And no, most places will not hire you until you have your state license in hand. But you can go on the state website and look up your EMT number!


----------



## VentMedic (Dec 8, 2008)

jordany2002 said:


> Thanks alot, okay, so all i have to do is call my school to find out, if not the state, but in some case's they send it automatically, got it, but if i have evoc license already, can i work while i wait for my state emt license, because tech. i am licensed national


 
No, no, no... You are not a licensed anything anywhere at this point. 

The NREMT is a testing agency that issues a certificate stating you passed an exam. It may or may not meet the requirements for licensing or certification in some states.
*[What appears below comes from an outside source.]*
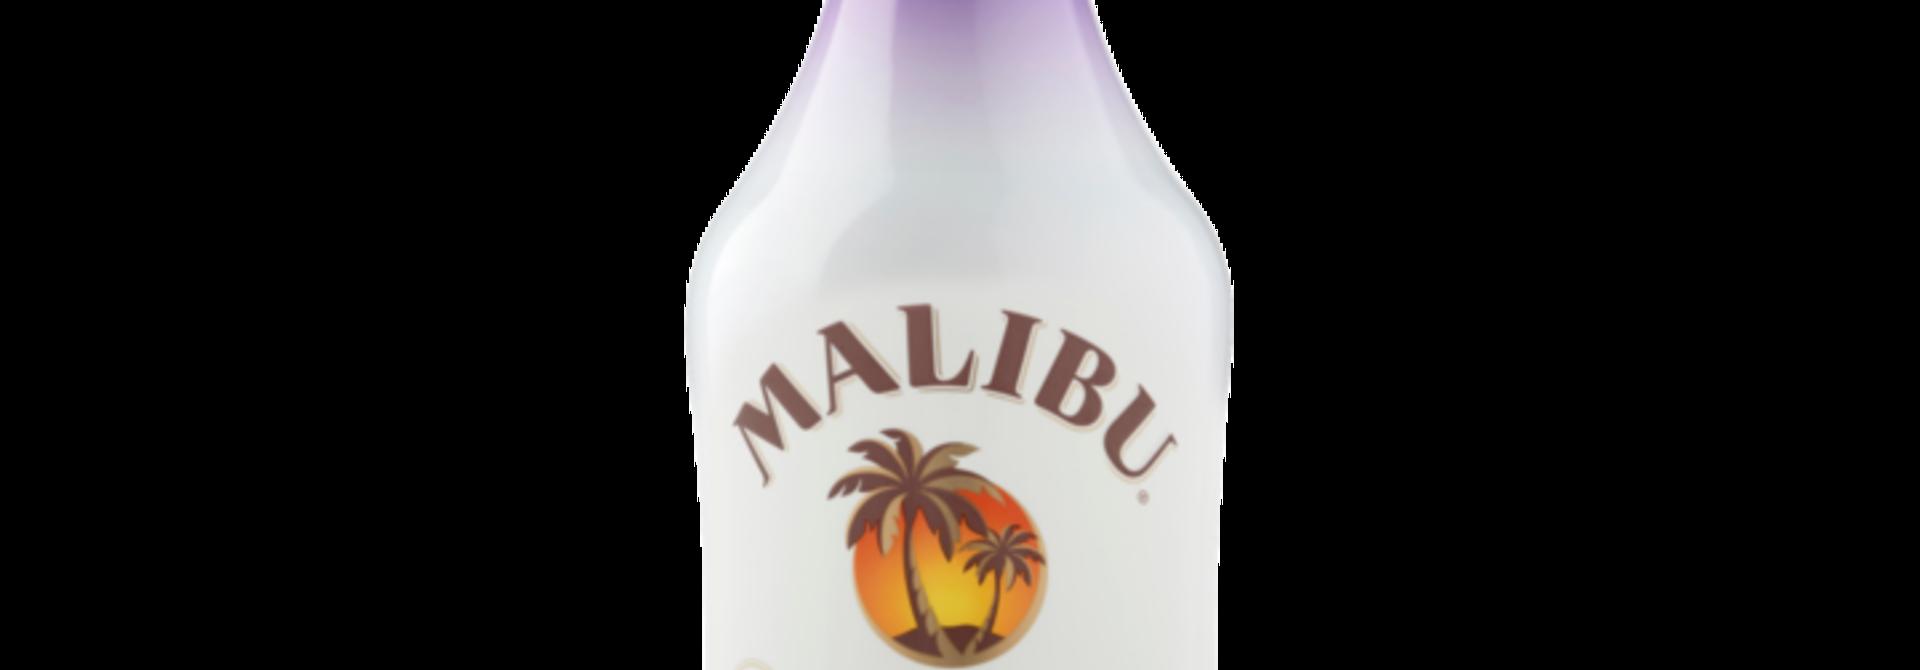 Malibu Passionfruit 70cl

Just a couple of years ago, Florida did not use the NREMT at all and still does not for the Paramedic. 

Did your school not explain anything to you about "license"?

Here is the state website and while you're on the phone you can tell them some of the inadequacies of your school.

http://www.doh.state.fl.us/mqa/emt-paramedic/emt-lic-requirements.html#Initial


----------



## reaper (Dec 9, 2008)

Must have started with an F and ends in I!




Also remember that it may take a while, right now. You happen to be in the middle of when renewal is happening. They are very busy right now and may be backed up!


----------



## Sasha (Dec 9, 2008)

reaper said:


> Must have started with an F and ends in I!
> 
> 
> 
> ...



And because the state licensing office is run by people who ride the short bus and wear a helmet, so it seems.


----------